> [EXERCISE DETAILS]:
Go through the listing below and retype exactly the lines starting at the one with "Kravet Design fabric" and ending at the one with "ACES + Zn 60 gels Curated Wellness", skipping pictures.

> [MATERIALS PROVIDED]:
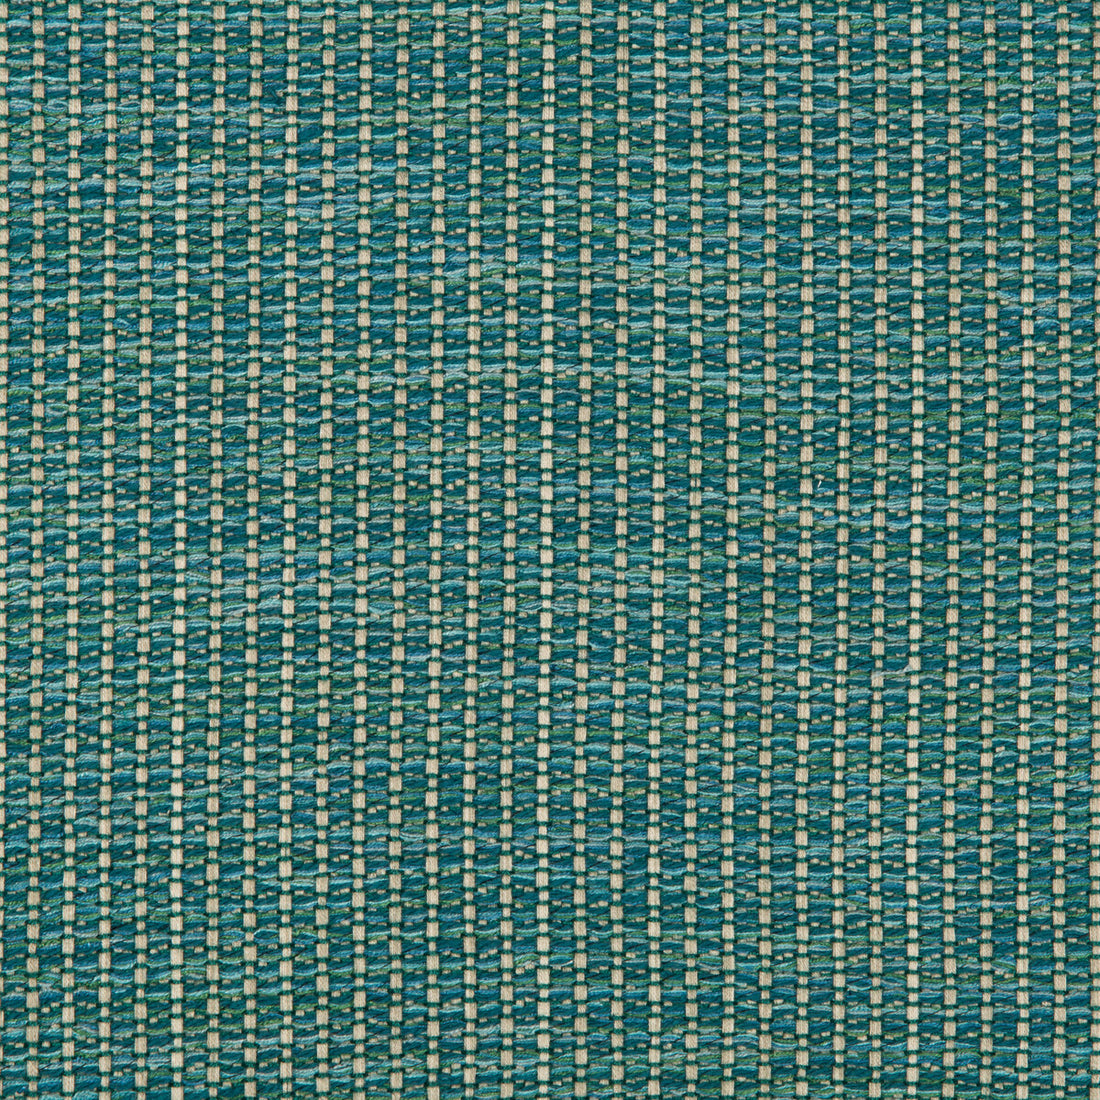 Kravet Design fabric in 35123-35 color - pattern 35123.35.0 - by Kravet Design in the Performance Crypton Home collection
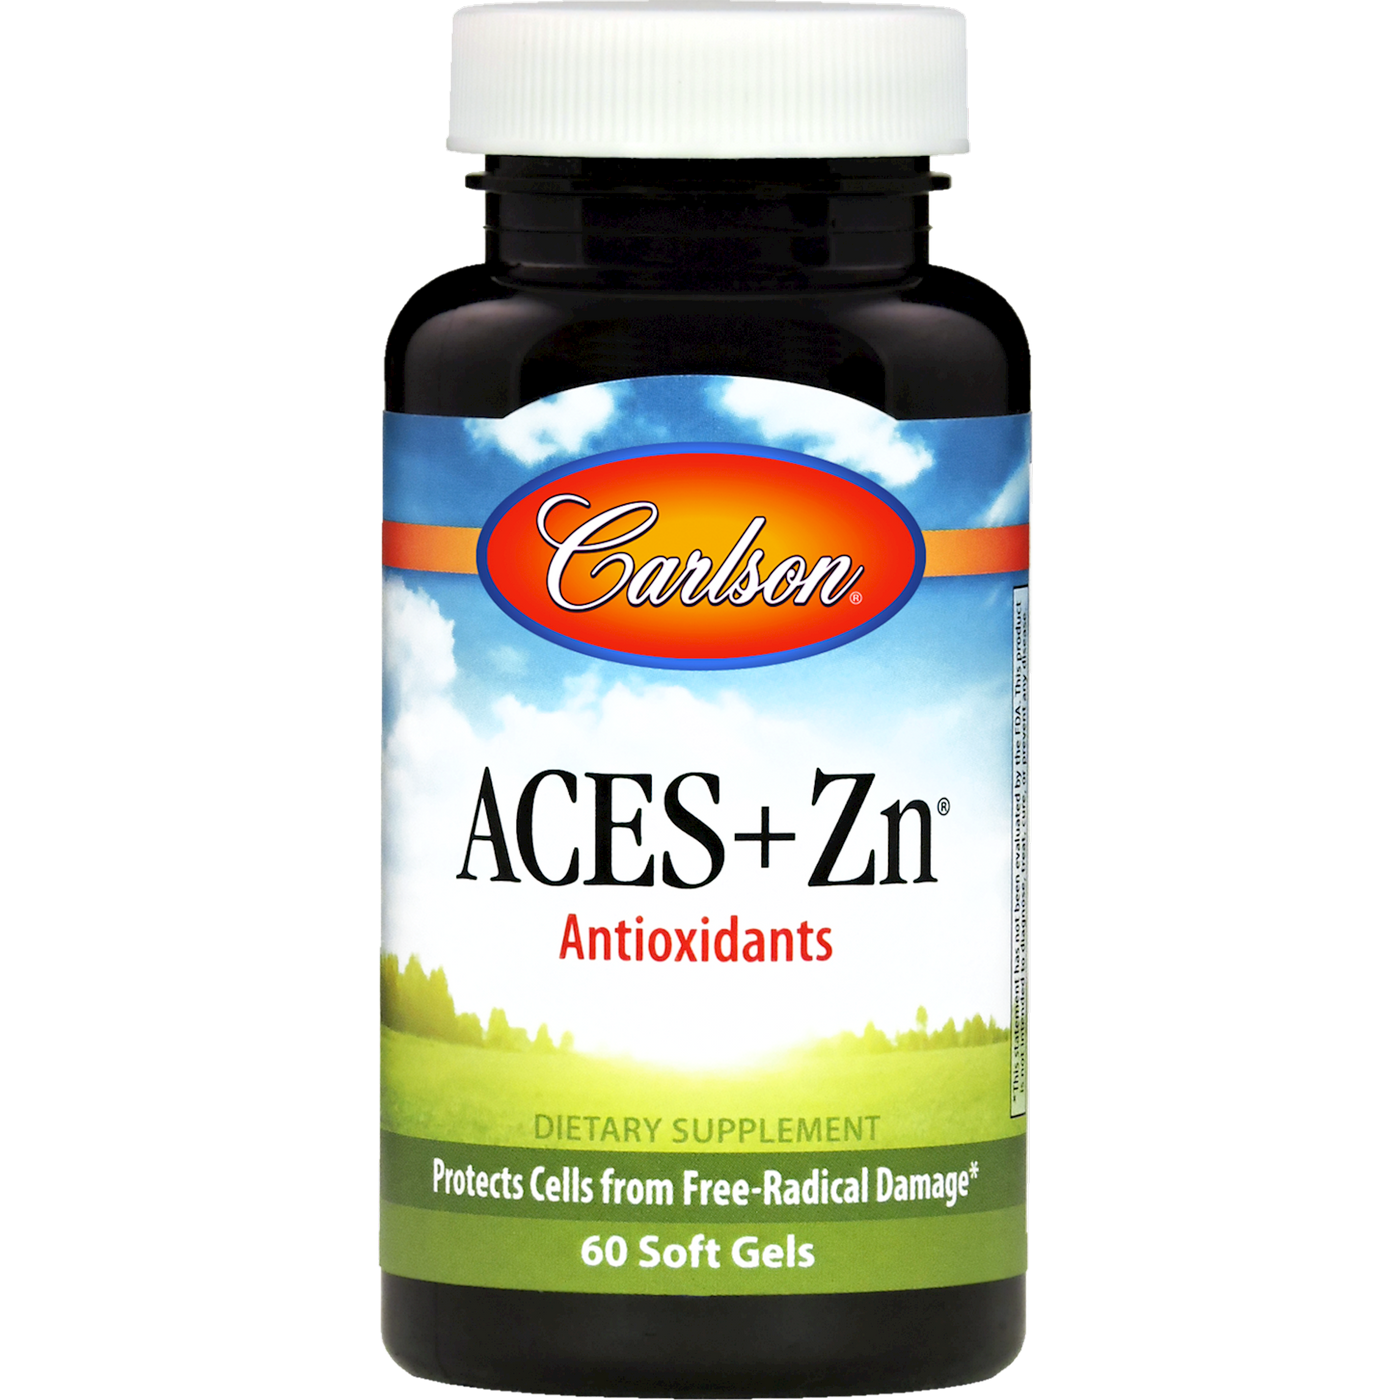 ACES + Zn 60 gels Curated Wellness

* * *

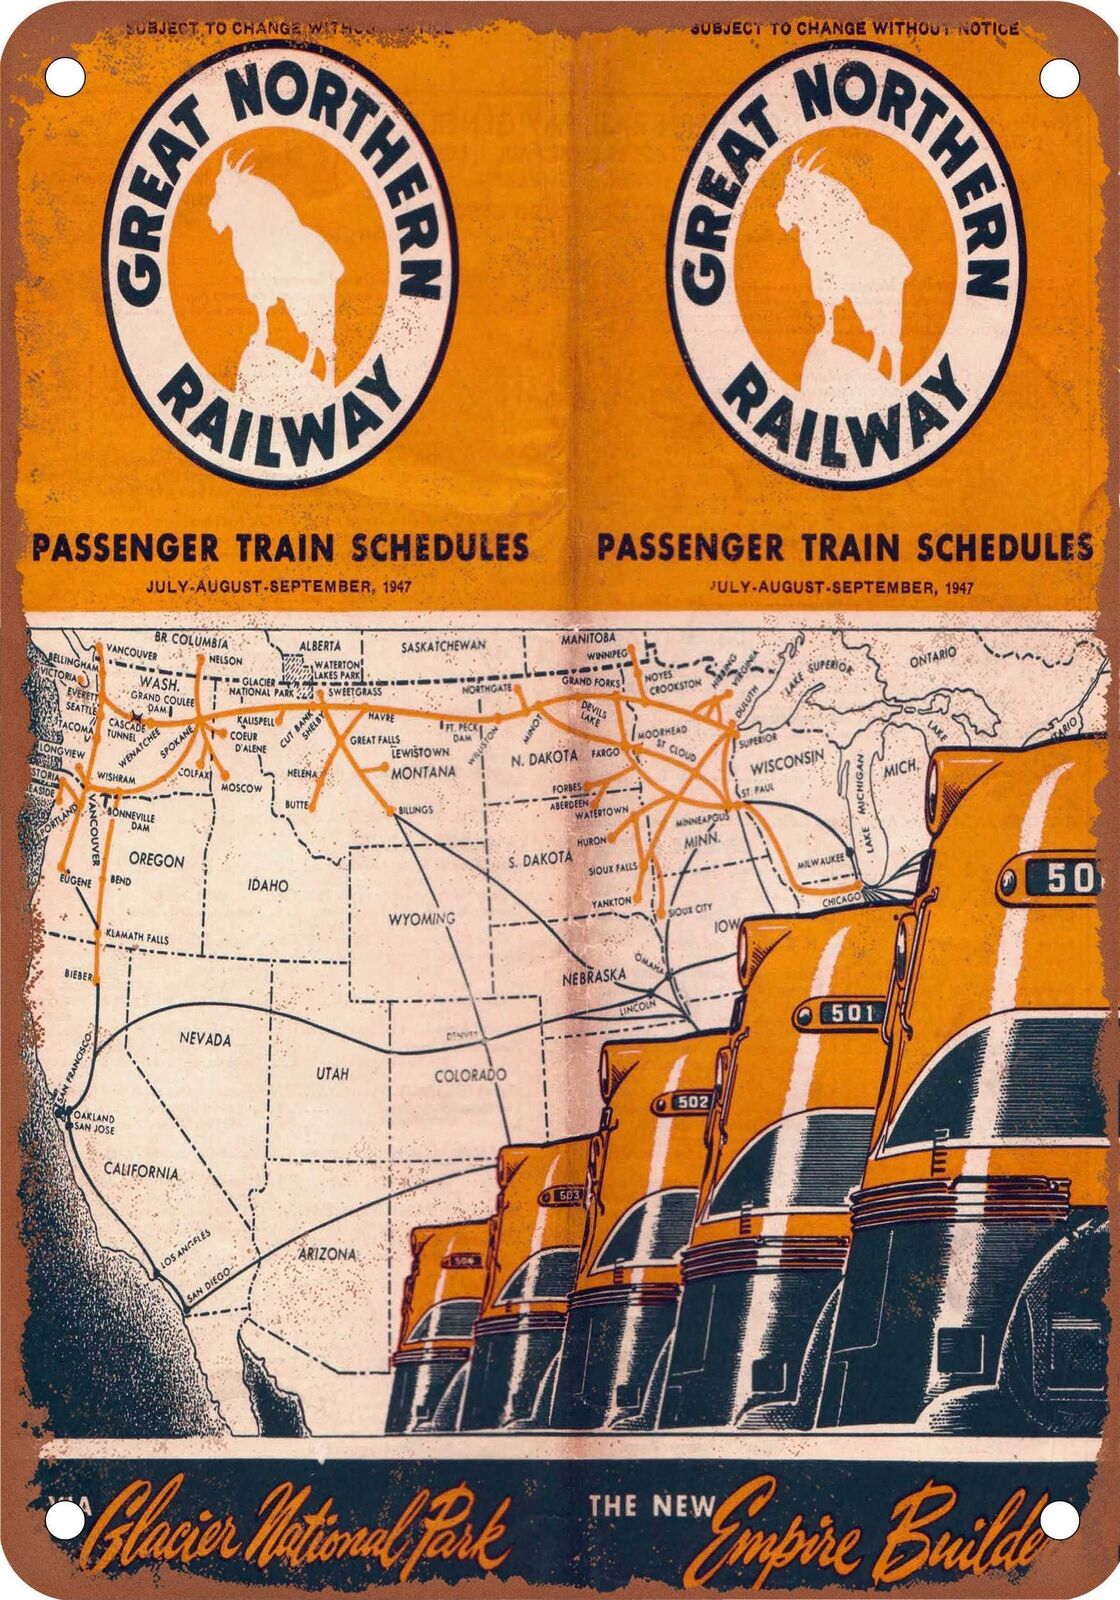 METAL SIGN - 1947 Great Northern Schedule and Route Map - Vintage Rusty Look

---

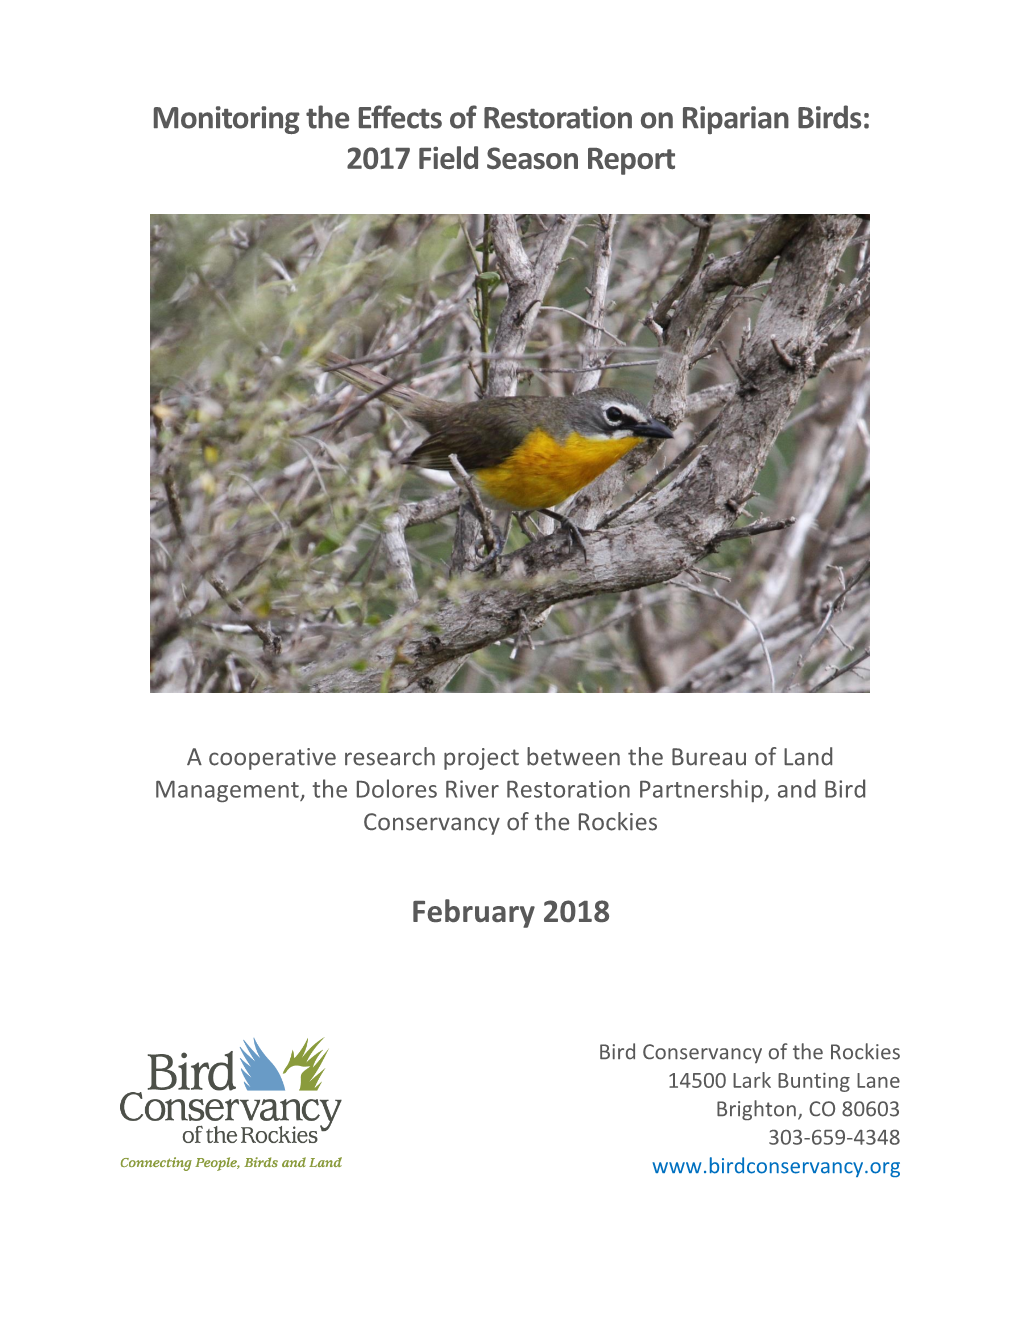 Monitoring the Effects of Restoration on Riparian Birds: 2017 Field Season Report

> [OUTPUT OF THE TASK]:
 Kravet Design fabric in 35123-35 color - pattern 35123.35.0 - by Kravet Design in the Performance Crypton Home collection
 ACES + Zn 60 gels Curated Wellness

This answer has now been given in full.